Description
Cherry Sideboard, purchased 10 years ago at a yard sale. Only mark is on back backside, XXXXXX Furniture Company, 17 Chardon Street, Boston, MA. Name of company is completely unreadable. Any help on this piece appreciated.
Re: Cherry Sideboard
This is a fairly modern Federal Revival piece, most were made during the second quarter of the 20th Century ( 1925-50). Federal Revival furniture was made in imitation of American Furniture made circa 1780-1830. This one's nicer than most, at auction $350.00.
Lovejoy
Re: Cherry Sideboard
This is a nice-looking piece and will certainly function well as pictured. It is typical of many revival-type pieces in that it incorporates design elements from several periods in a way which could not have existed in any of the periods.
Here you have the basic Federal form of a sideboard with square-tapered legs and veneers. So far, so good. But pieces of the period were made with flat, uninterrupted surfaces for the convenience of the finishers, whose new and wildly-popular finishing-technique called "French-Polishing" could not be done on the quickly-being-outmoded Chippendale-type furniture. The polisher's tampon, with its tiny amounts of shellac, lubricating-oil, and pumice....and the 55-gallon-drum of elbow grease, could not be kept in the constant circular motion required of french-polishing when it was bashing into all those carved appliques and moldings. Instead, Federal pieces were clad with extreme crotch-mahogany veneers, decorated with inlays of stringing and edge-banding and oval paterae with fans, eagles (representing the new Republic) and many forms from nature: shells, and bellflowers being popular. The beauty of these surfaces was revealed and enhanced by the polished-in shellac which allowed the observer to believe he was seeing deep into the wood through a perfect mirror-bright surface (which he was!). The finish on these pieces sometimes cost more than the pieces!

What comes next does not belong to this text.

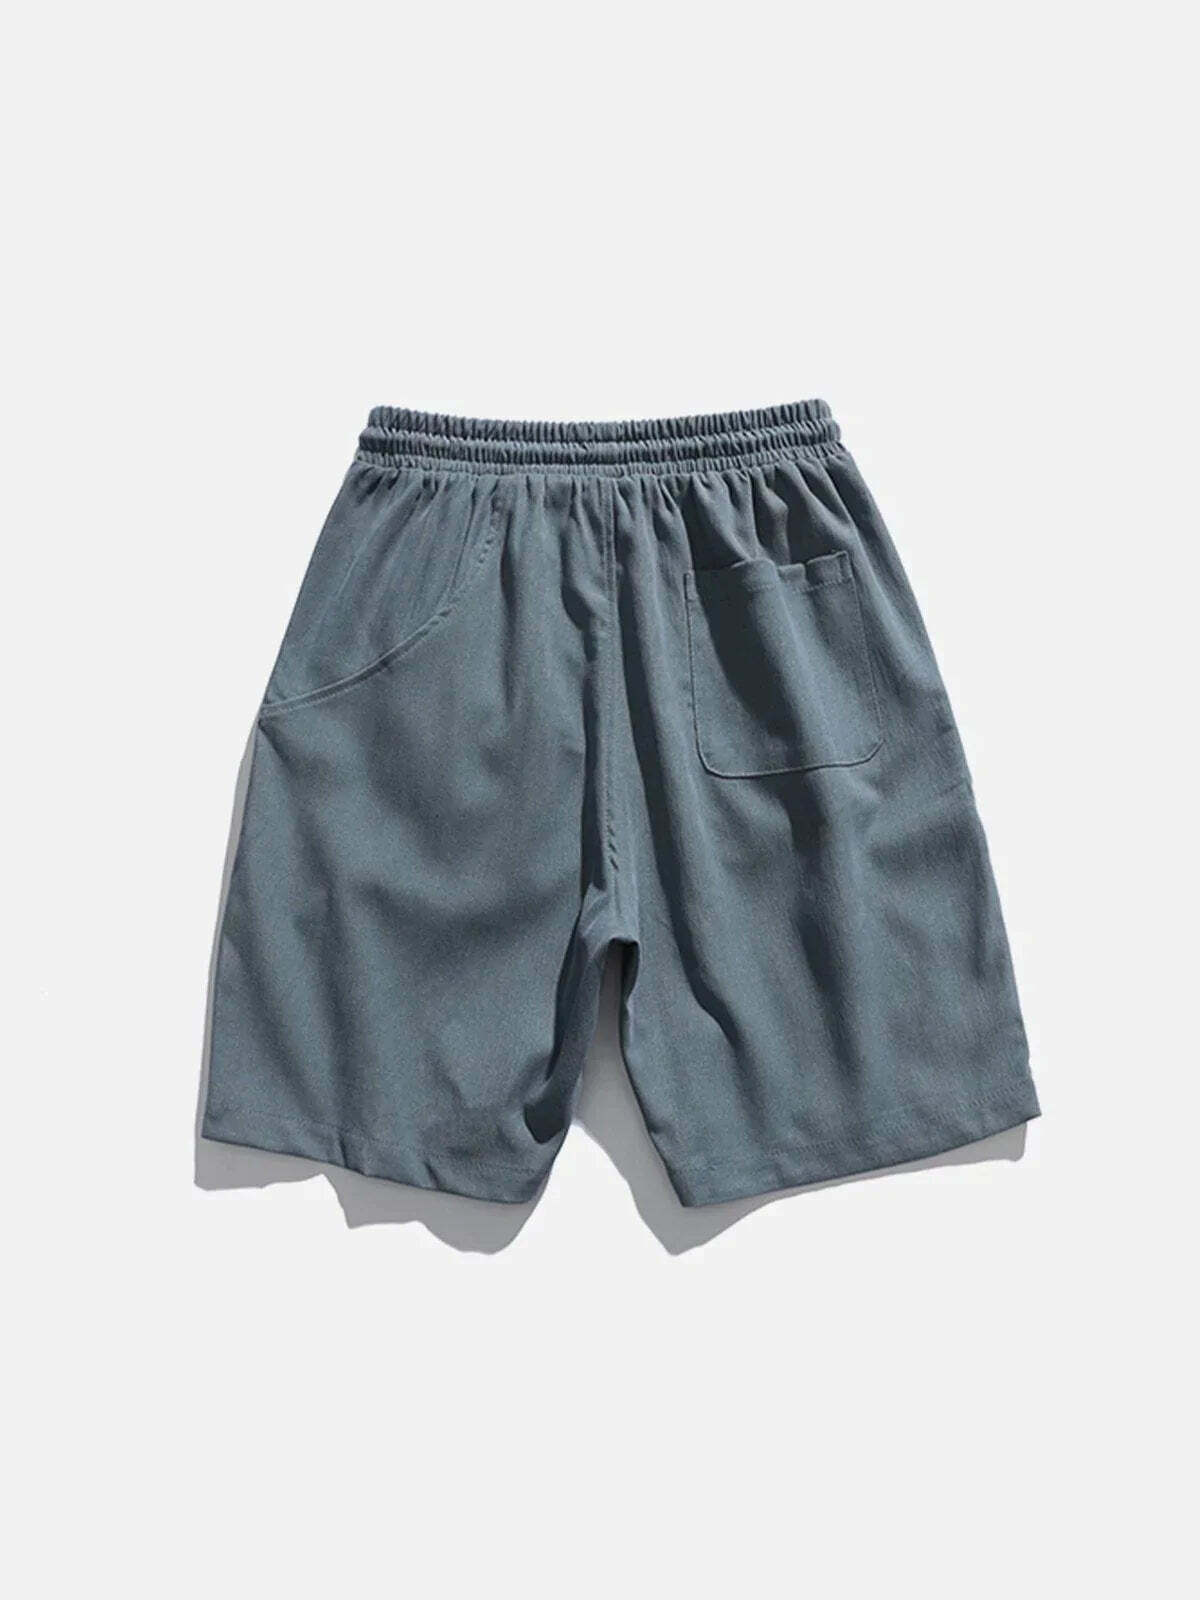 unique spliced drawstring shorts edgy & trendy streetwear 7619

Check out the design elements on this piece. They are like icing on a cake, making it interesting and attractive, but they are at odds with the form. Inset quarter-columns,foliate-carved appliques, fluting, reeding, molding, proud escutcheon, rosette-pulls....
One thing I should note, too, is the fact that country cabinetmakers, even of-the-period, often combined periods, adapting old patterns, forms, and techniques to the new, which they or their customers may have seen in the city, resulting in some weird combinations. Usually, though, the skill-levels required are fairly consistent throughout the piece; if this piece were 'real', it would most likely not be veneered. Period-veneer was not the cheap option it is in modern times. It was a very expensive way to achieve fantastic visual effects by way of the rhythmic repetition of wild patterns across a surface. Any maker skilled in this would also be up on "we don't decorate with carvings'n'stuff anymore, but with inlay".
Pieces like this will increase in value, as historical documents, at least, as we move, a day-at-a-time, away from the 20s and 30s, if properly kept and cared-for. The worst enemy of a piece like this, besides fire, is water. NEVER store this, or any piece of furniture in a basement or shed which is ever damp. Your restorer will SOAK you for it!